The big conversation around the virtual physician lounge this week was about the ONC information blocking rule that took effect this week. The majority of non-informaticist physicians who I spoke to really don’t understand what is required and have been receiving varying degrees of information from their employers and professional societies. The American Academy of Family Physicians had a nice article that summarized the situation for those who might not have been following for the last several years. AAFP points out the difference between HIPAA, which allows sharing of protected health information, and the new rule, which requires information sharing unless a short list of exceptions applies.
The exceptions identify when organizations can legitimately decline to fulfill a request for information, or when the surrounding procedures can be excepted. For most of the physicians I spoke with, their biggest use of the exceptions will be under the “do not harm” provision, which applies to adolescents being treated for things like pregnancy, sexual health issues, or mental health diagnoses. I was on an outstanding webinar earlier this week, presented by the American Medical Informatics Association. Natalie Pageler, MD, MEd from Stanford Children’s Health presented on strategies for managing the sharing of data within pediatric populations, where there are concerns not only about sensitive information, but also the capacity of the minor to consent for sharing. If you’re an AMIA member, it’s well worth tracking down the recording.
In the short term, organizations have to provide access to certain types of information: consultations, discharge summaries, histories, physical examination notes, imaging / laboratory / pathology reports, procedure notes, and progress notes. Additional types of information will be mandated in the fall of 2022, and penalties are in the future as well.

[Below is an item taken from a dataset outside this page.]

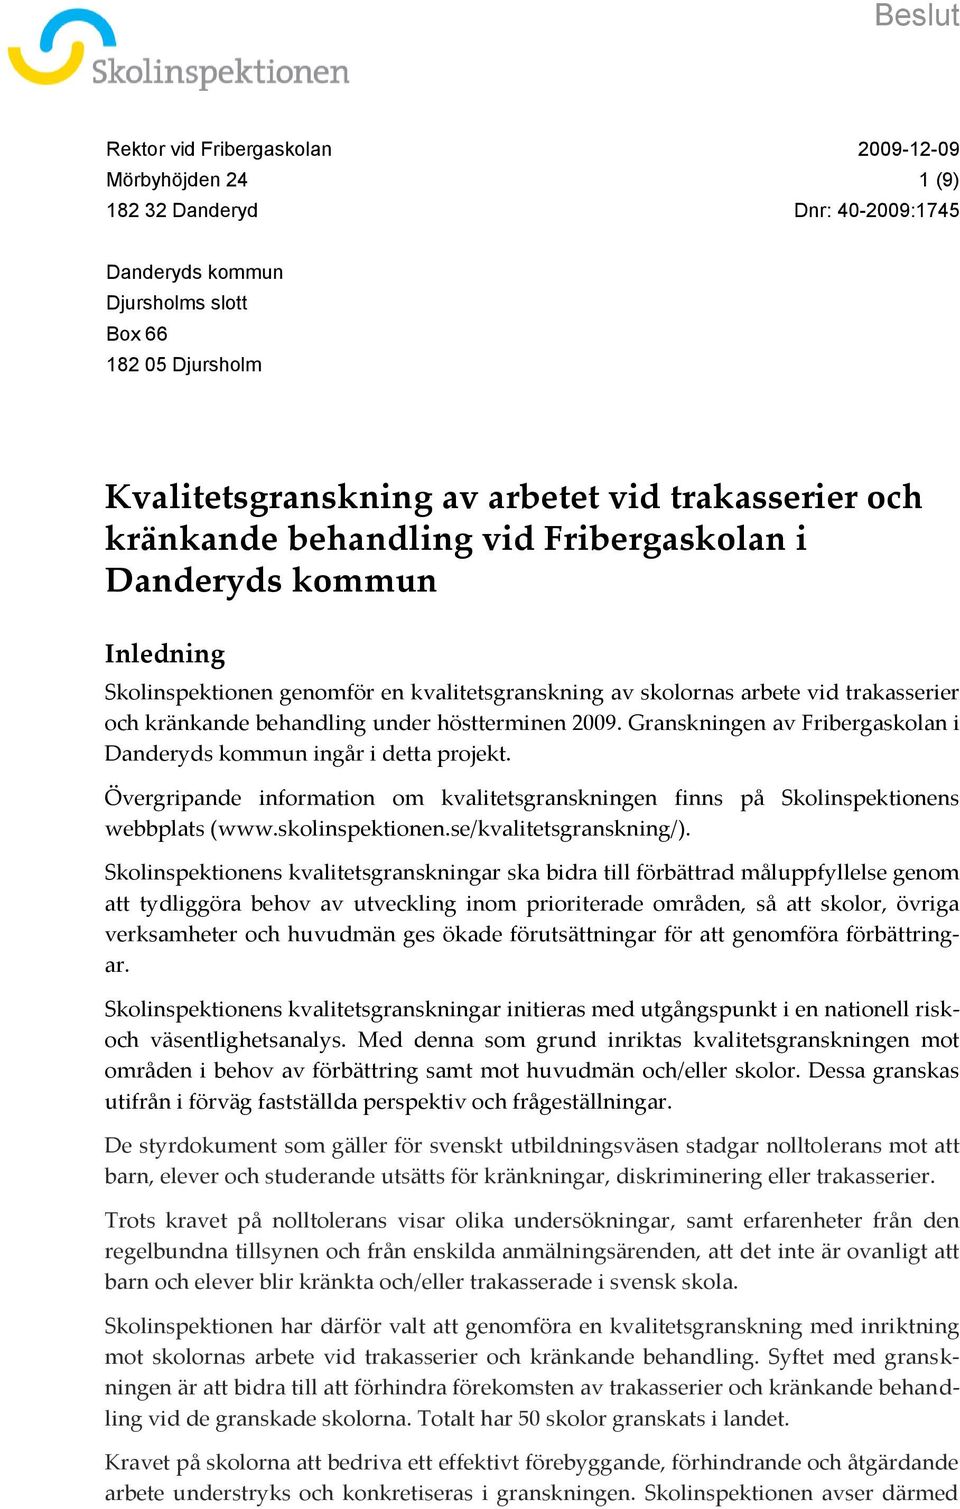 Granskningen av Fribergaskolan i Danderyds kommun ingår i detta projekt. Övergripande information om kvalitetsgranskningen finns på Skolinspektionens webbplats (www.skolinspektionen.
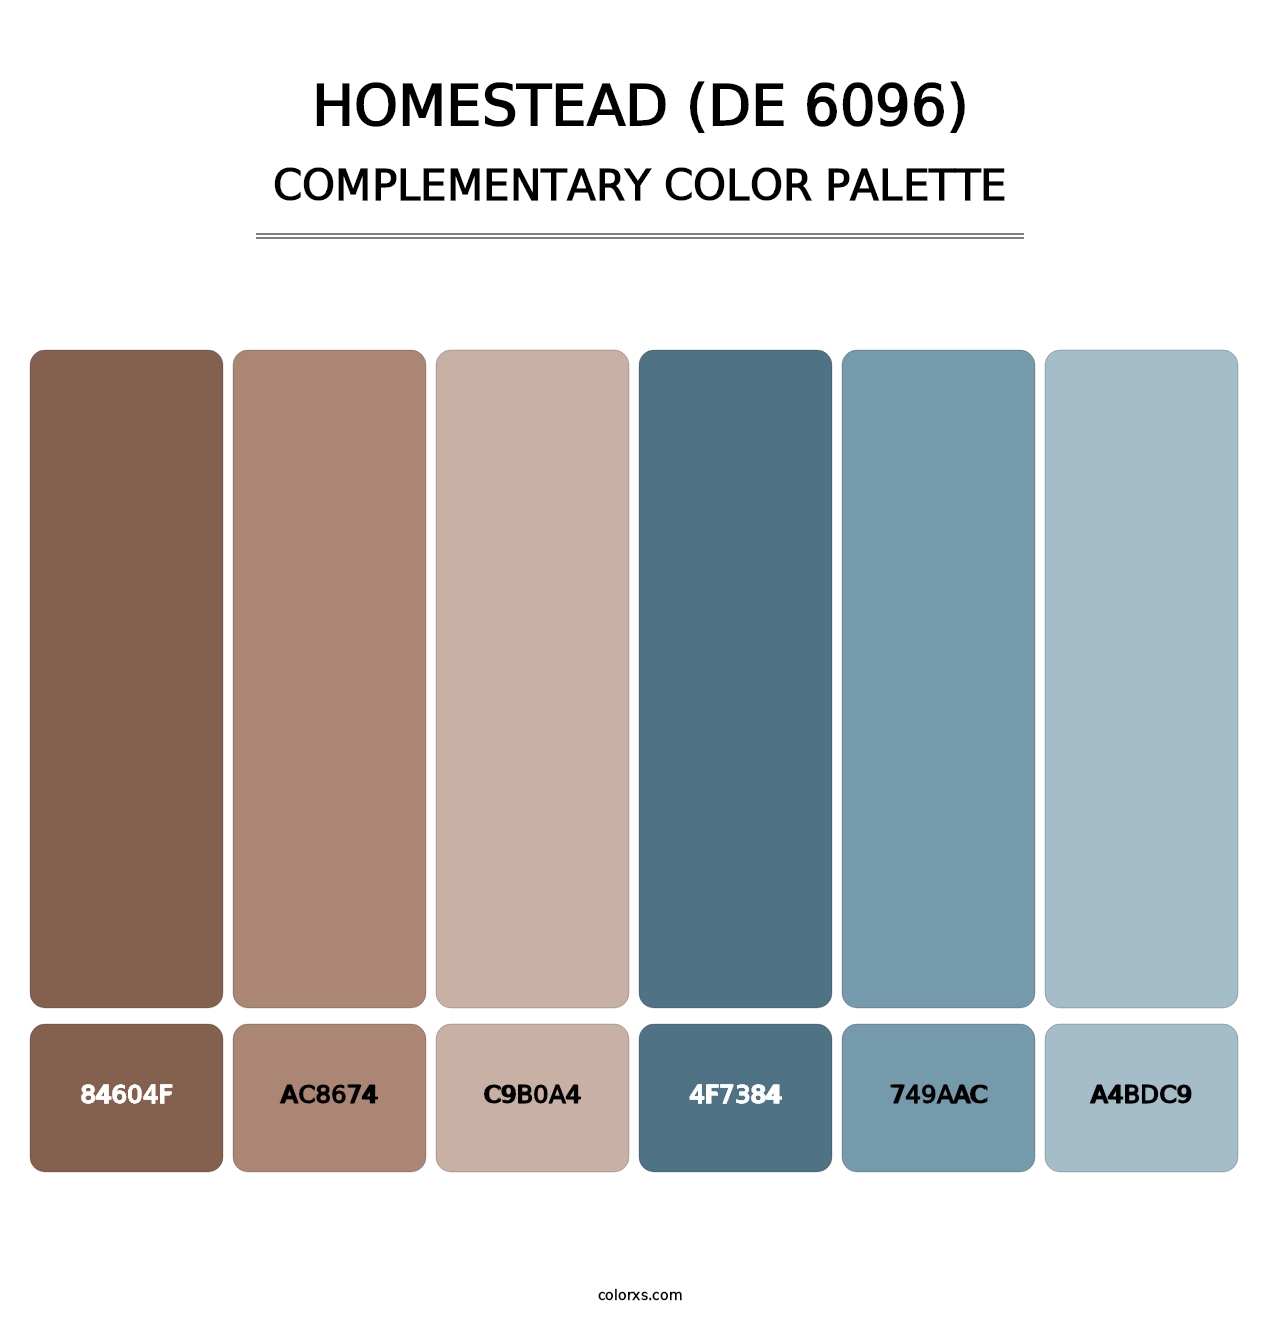 Homestead (DE 6096) - Complementary Color Palette

I have a few pointers for physicians who are concerned about patients reading their notes. First, write your plans like you would talk to a patient in the office. Avoid medical jargon and be clear on what you discussed with the patient and what the next steps might be. Physicians who dictate their notes in front of the patient have been doing this for decades. Second, make sure your office has a policy and/or process for when patients contact you with concerns about something they saw in a note. Should they come in for an appointment, schedule a telehealth visit, or wait for a return phone call? Decide this now before there’s a time-sensitive issue in front of you. I’m interested to hear from readers who have had significant fallout from this week’s change, so if you’ve got a great story, let me know.
I always scoop up cut-rate Easter candy and take it to my clinical team, because every urgent care shift is better with the addition of chocolate. We joked about having to go to the local Walgreens to get the best selection of candy, and of course the topic turned to retail pharmacies and their role in COVID-19 vaccination policy. Pharmacy appointments are widely available in my area at the moment, which seems somewhat surprising since my office was recently allocated a measly 100 doses (yes, one hundred) of Johnson & Johnson vaccine despite the fact that we see 2,000 patients a day and could be a force to be reckoned with if the state decided to give us adequate vaccine.
Others have noted the issues with retail pharmacies playing such a big role, including Politico, which featured a discussion of pharmacies using vaccine-related patient data for marketing and other purposes. I was trying to find an appointment at Walgreens or Walmart for a family member, but was stopped when I found that they require you to register for an account before searching for vaccine appointments, which means they have your email address. I didn’t want to create a new account for them in case they already had one, and certainly didn’t want anything tied to my own email. Privacy and consumer advocates are calling on state governments to investigate how the data is used and are asking retail pharmacies to avoid using the data for marketing purposes. At this point, patients are more interested in getting a vaccine wherever they can and probably aren’t reading the fine print when they sign up. We’ll have to see how this plays out in the longer-term.
I had a recent client project around home monitoring of blood pressure, weight, and blood sugar, so I was excited to see this article in the Journal of the American Medical Informatics Association regarding the impact of patient-generated health data on clinician burnout. There is a ton of data out there that patients want to provide us – information from wearables, home glucose monitors, blood pressure cuffs, and more. Many physicians are terrified to let this information into their EHRs for fear it will overwhelm them with data as well as that it might increase their liability. For many conditions it’s not so much the individual data points that are important, but the ranges in which a patient’s data typically falls or how often they have outlier values. For certain conditions such as heart failure, however, individual daily values are important, and action has to be taken if there are dramatic changes from day to day.
The authors identified three factors that they believe contribute to burnout related to the integration of patient-generated health data within the EHR. These factors are time pressure, techno-stress, and workflow-related issues. They suggest mitigating techno-stress through several interventions: ensuring that healthcare providers have clear roles and responsibilities for monitoring and responding to patient-generated data; improving the usability of data integrated in EHR; and greater education and training. They go on to suggest reduction of time pressure through standardized EHR templates, greater financial reimbursement, and incorporation of artificial intelligence and the use of algorithms to review data. Regarding workflow issues, they suggest better usability, policies around reviewing data and responding to patients, and identifying the types of data that are best suited to inclusion in EHR. All of these are easier said than done, so I’d love to hear from readers who have tried to tackle this particular issue.